Reflection
Rev Dr Hye Kyung Heo
August 31, 2017
In Kay’s Lucky Coin Variety, the main character, Mary, struggles to understand her Korean immigrant parents, and finally comes to appreciate the very things that she once renounced and felt disconnected from as a child. I felt empathy for Joon-Ho’s tragic incident of plagiarism which caused him to be expelled from the university because I have witnessed several Korean students fall into the same kind of trouble. That may be the reason why I wished Mary’s empathetic defence for Joon-Ho was persuasive enough to save him, but in reality I knew that would not be enough. Joon-Hoo is the victim of a social class which holds a distorted value system that views “success” only based upon prosperity and fame.

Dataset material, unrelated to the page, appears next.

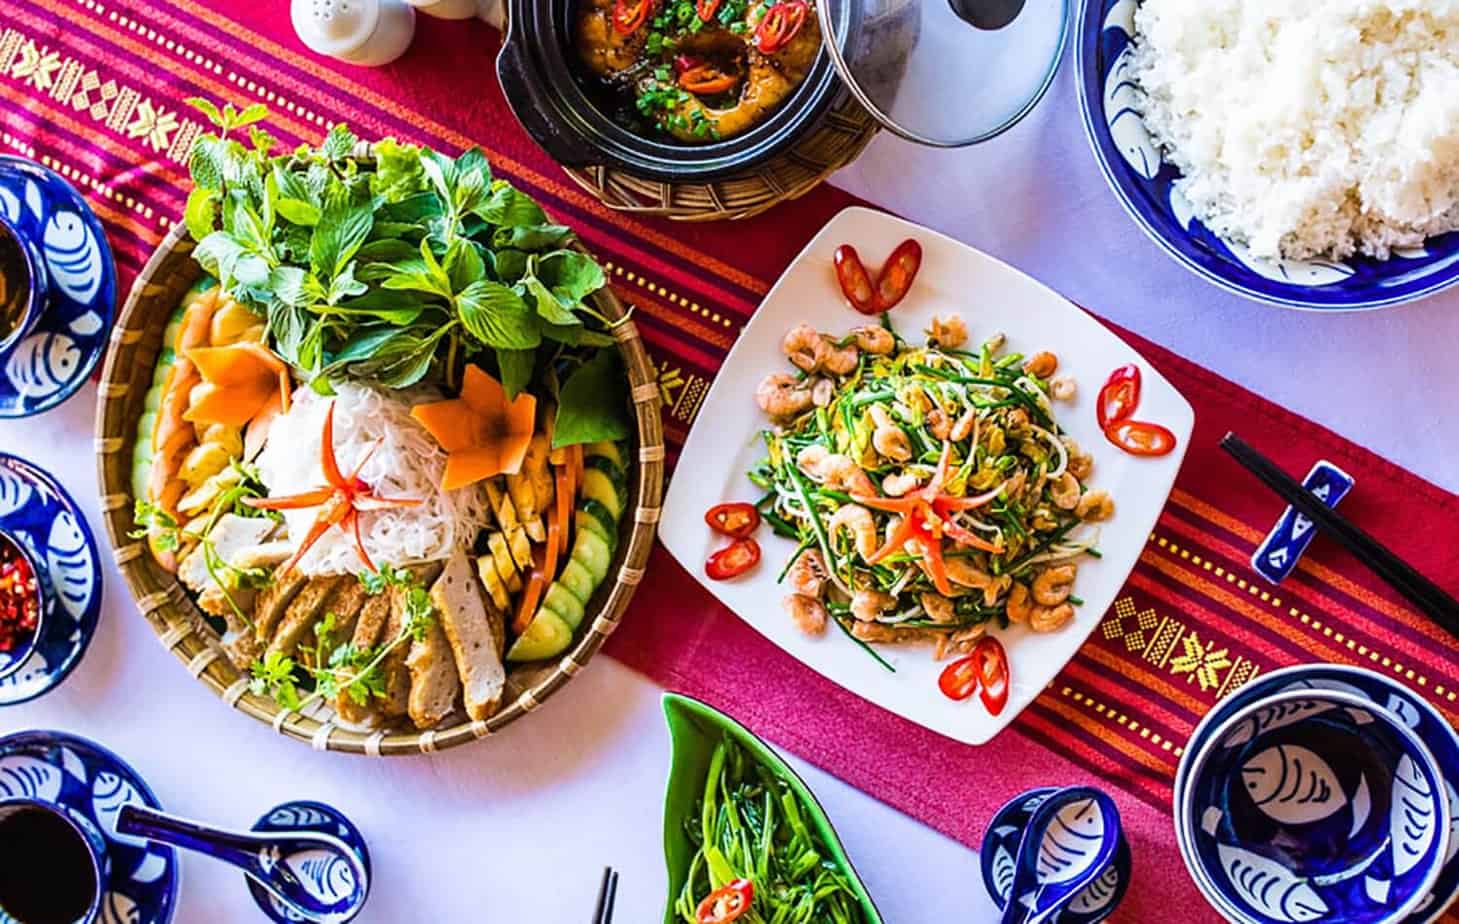 Reasons to Visit Vietnam - Delicious Food

Mary’s encounters with people in the store from different backgrounds help her to see beauty in each individual. Her mother’s friendship with a local homeless man, allows her to see the importance of compassion and acceptance. People of diverse backgrounds, in other words, can come together to coexist in a community. The climax of the story is when Mary finds that she desires to know about her mother. She also discovers just how much she and her mother had in common, along with her grandmother who passed away. The three generation of women, for example, all enjoy writing and have a natural talent for it.

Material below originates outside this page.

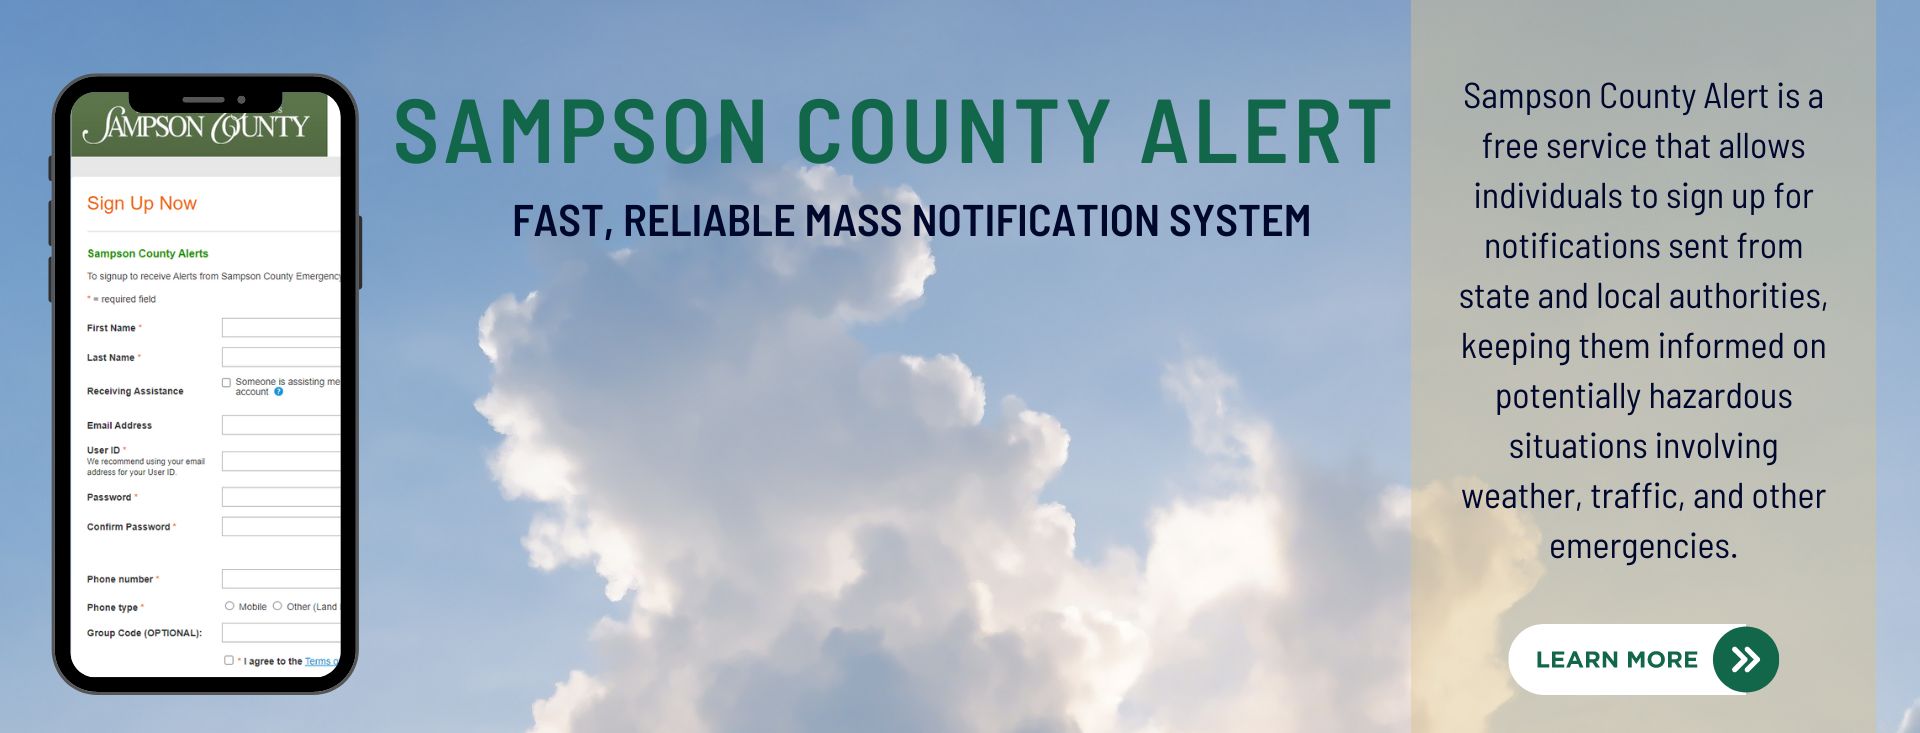 sampson county alert (1)

Josh, Mary’s younger brother, helps her realize that it is their mother’s dream for the betterment of her children that enabled her to leave her home country and work as hard as she did in their store. Interestingly, after the graduation ceremony Mary insists she and her father have to hurry back to the store to give Josh a break. She is no longer ashamed of her heritage or identity as a Korean-Canadian woman. The day of her graduation is certainly the day of emancipation for Mary. She is a free woman, no longer bound by her past or guilt. She no longer needs to take refuge in Will, the imaginary personification of her ideal man. She no longer lets herself be victimized by her pains and scars from the past. Rather, Mary chooses the route to pursue her dream to be a writer. She courageously steps into the future and cherishes people and their life stories. She is born again as a new, mature woman who shamelessly writes and shares her stories with others in the form of poetry, short stories, and eventually novels.